30s Summary
The October US inflation data matched economists’ predictions, coinciding with a surge in the Bitcoin price to near $90,000. The Consumer Price Index (CPI) rose by 0.2%, while the Core CPI (excluding food and energy costs) increased by 0.3%. Concurrently, Bitcoin’s price rose by nearly 30% over the past week. This has been driven by the US Federal Reserve’s decision to cut the federal funds rate by 75 basis points, looser monetary policies adopted by Western banks and the re-election of the crypto-friendly Donald Trump as president.
Full Article
The inflation data for October in the U.S. was exactly what economists thought it would be. This had an interesting effect on Bitcoin, pushing it close to the $90,000 mark.
To drill down a bit into the numbers — the Consumer Price Index (CPI) had a bit of a bump, going up 0.2% in October. This matched the predictions and the increase from the previous month of September. When you step back and look at the bigger picture over the year, the CPI was up 2.6%, again matching forecasts.
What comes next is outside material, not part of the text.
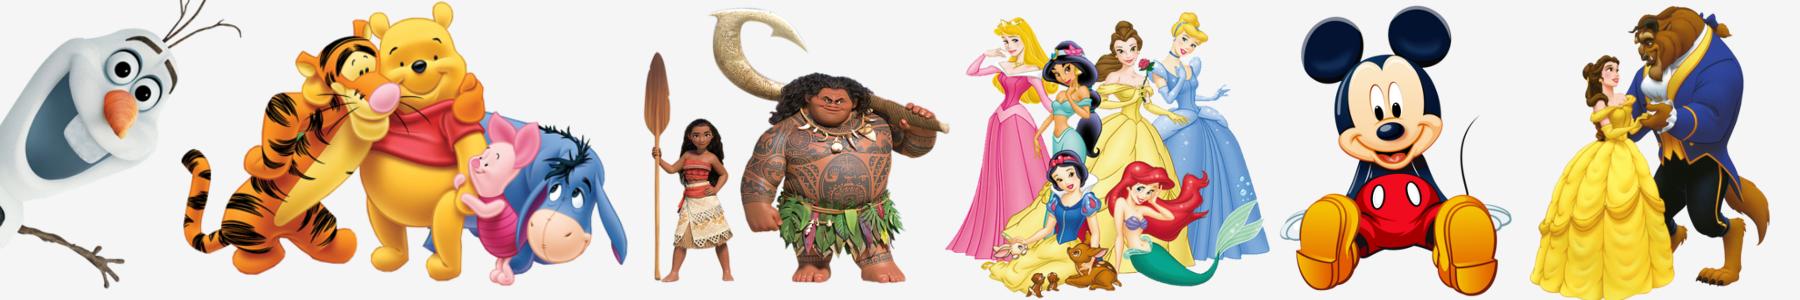 Articole de petrecere - seturi party Disney - Endless Com Srl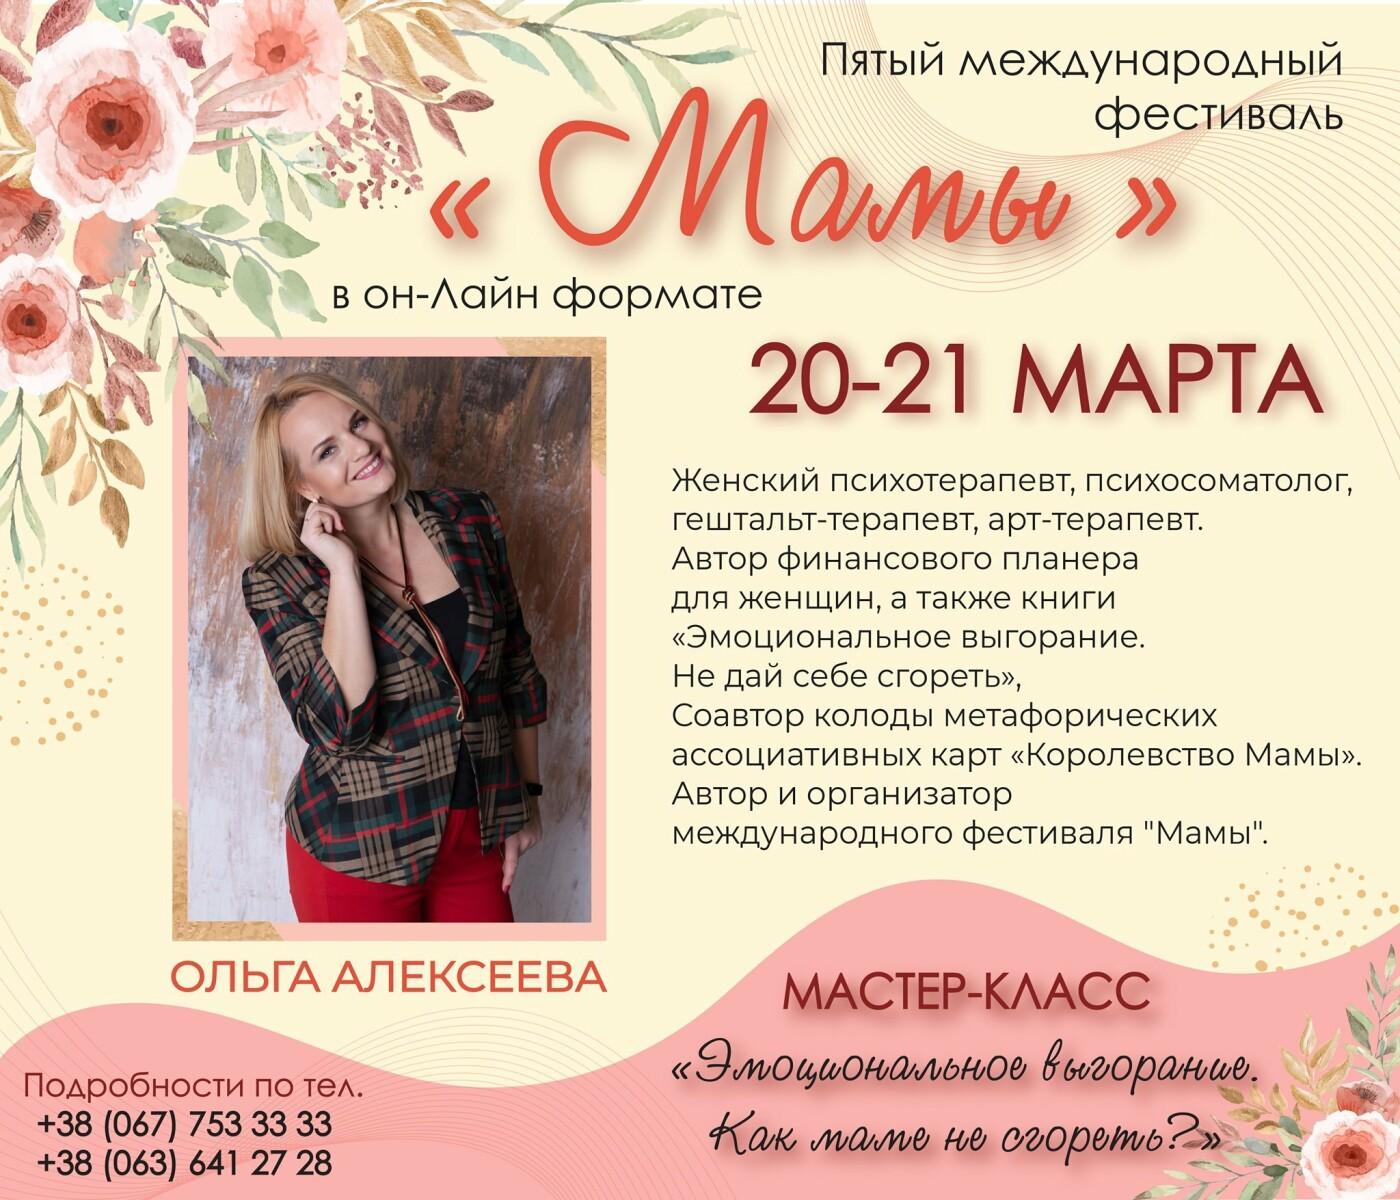 """Міжнародний фестиваль """"Мами"""" у Кам'янці-Подільському запрошує, фото-8"""

If you take a look at Core CPI, which is a bit like the CPI but leaves out food and energy costs because they can swing a lot, it also went up in October. It climbed 0.3%, which is what people thought it would and mirrors the rise in August. Over the year, the Core CPI was 3.3%, which again was as expected and the same as the previous month.
Compared with these numbers, it seems like Bitcoin had a bit of a field day with its price climbing to $89,500. This means it’s up nearly 30% over the past week.
The U.S. Federal Reserve has been doing its part too by cutting federal funds rate (which is kind of like the interest rate banks charge each other) by 75 basis points since it started easing cycle in September. This along with the fact that most Western banks have been kind of being loose with their money and the fact that Donald Trump, who is pretty friendly towards crypto, got re-elected last week has made Bitcoin soar to new highs.
What might happen next? Well, the CME FedWatch — which gives odds on what the Fed might do at its next policy meeting based on what’s happening with short-term interest rates — think the chances for an additional 25 basis point rate cut in mid-December skyrocketed from just under 60% to 69% after this morning’s data.